Доминирование в сегодняшнем мире представительных демократий подводит к ещё одному важному выводу. Целенаправленный и разумный поиск решения рано или поздно превосходит слепой естественный отбор. Колесо быстрее копыт, самолёт быстрее птицы. Искусственное распределение бремени власти на большее количество людей, ее децентрализация в демократическом государстве намного эффективнее возникавших естественным путем монархий или тираний.
Современных политиков часто ругают за то, что они не склонны планировать дальше следующих выборов, тогда как при пожизненном правлении достаточно молодой монарх или диктатор заинтересован думать на десятилетия вперед. А на самом деле всё получается наоборот. Фараоны тратили огромные ресурсы на совершенно бесполезные пирамиды, а при нынешних скоропортящихся президентах люди строят гигантские небоскрёбы, плотины и заводы.
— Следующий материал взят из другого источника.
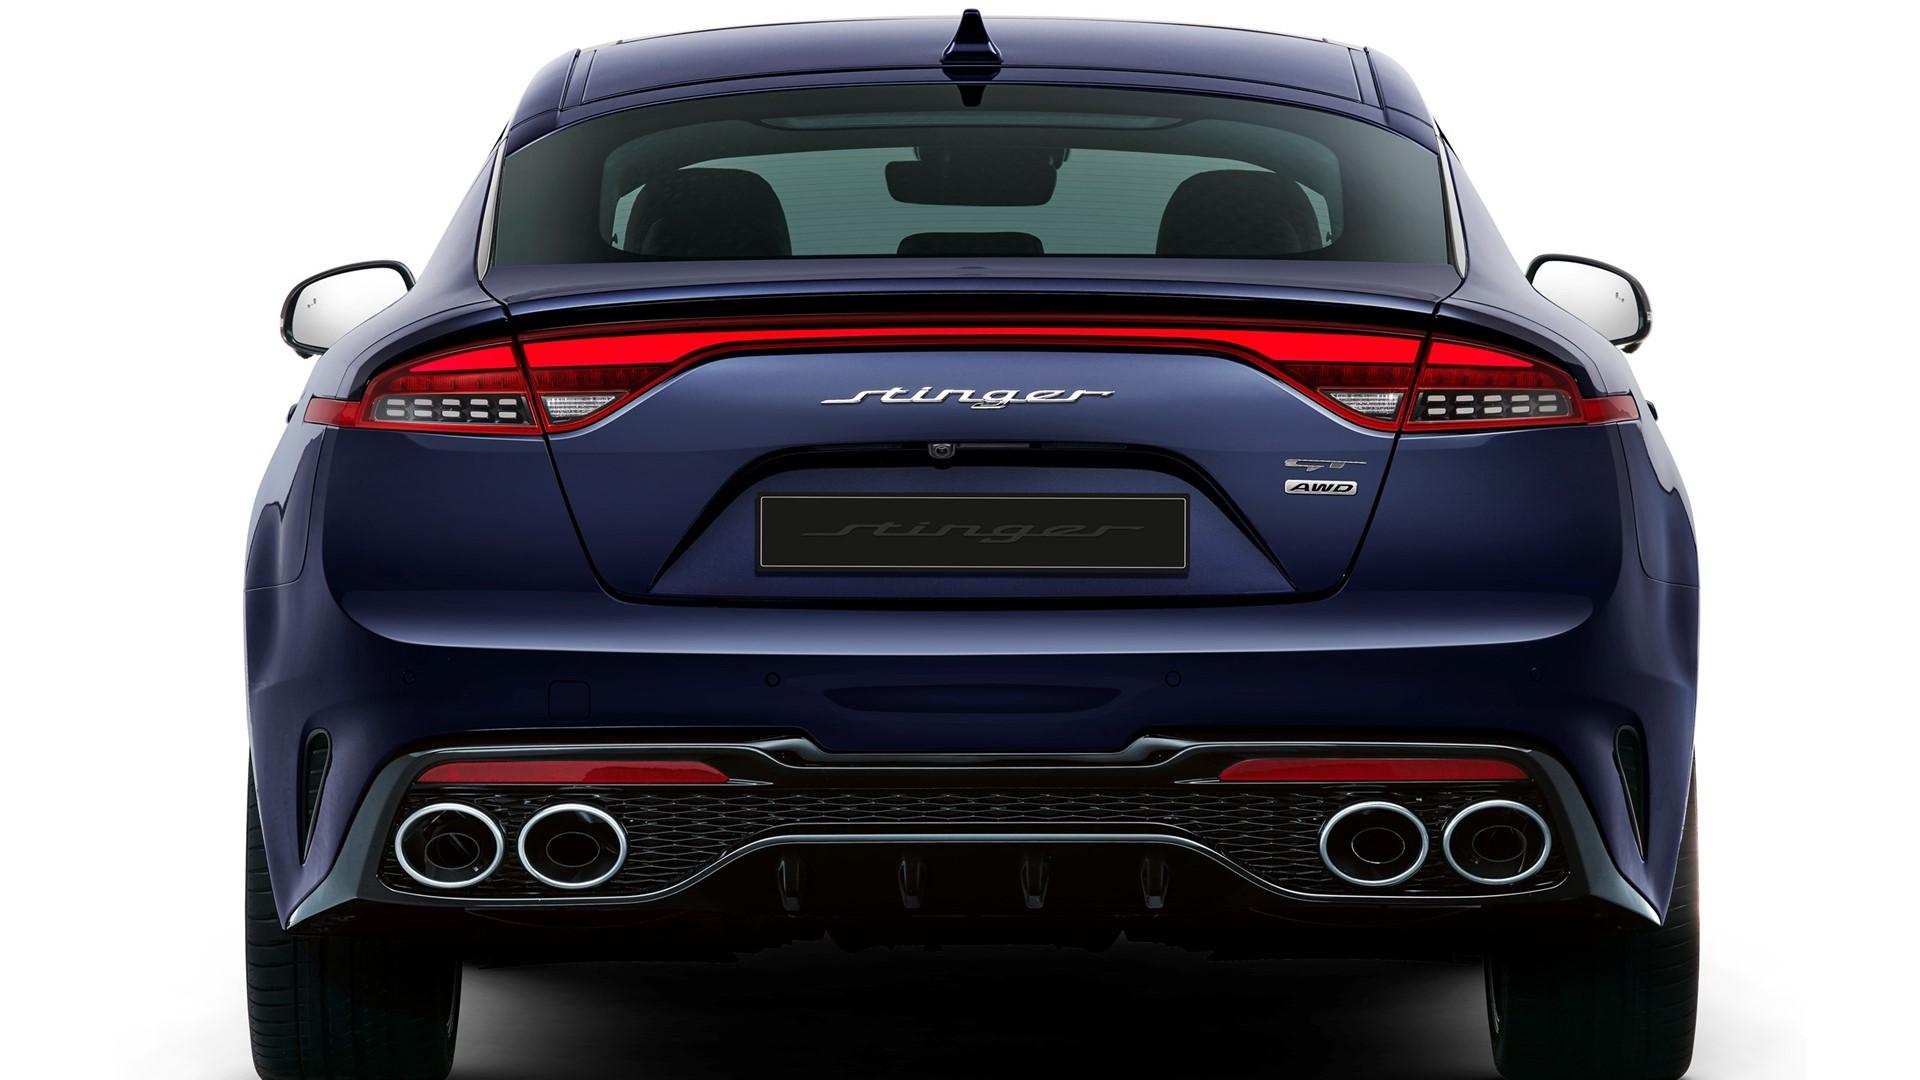 Kia reveals new design for fastback Stinger - Image 2

Почему так? Может быть всё-таки потому, что они «царствуют, но не правят»? Может быть такую полезную функцию власти как координация усилий множества людей ради общего дела, возможно реализовать без её участия? Может быть ключевую роль в постройке пирамид, плотин и кораблей играли не цари и министры, а инженеры и изобретатели?
Может быть сейчас, впервые в истории человечества, развитие науки и технологий достигло такого уровня, при котором вообще не нужен единый центр управления? И общество сможет самоорганизоваться, отбросив, наконец, рудименты в виде централизованной власти, которая с упорством мухи, бьющейся о стекло, инстинктивно стремится «укреплять вертикаль» как это делали альфа-самцы в стаде.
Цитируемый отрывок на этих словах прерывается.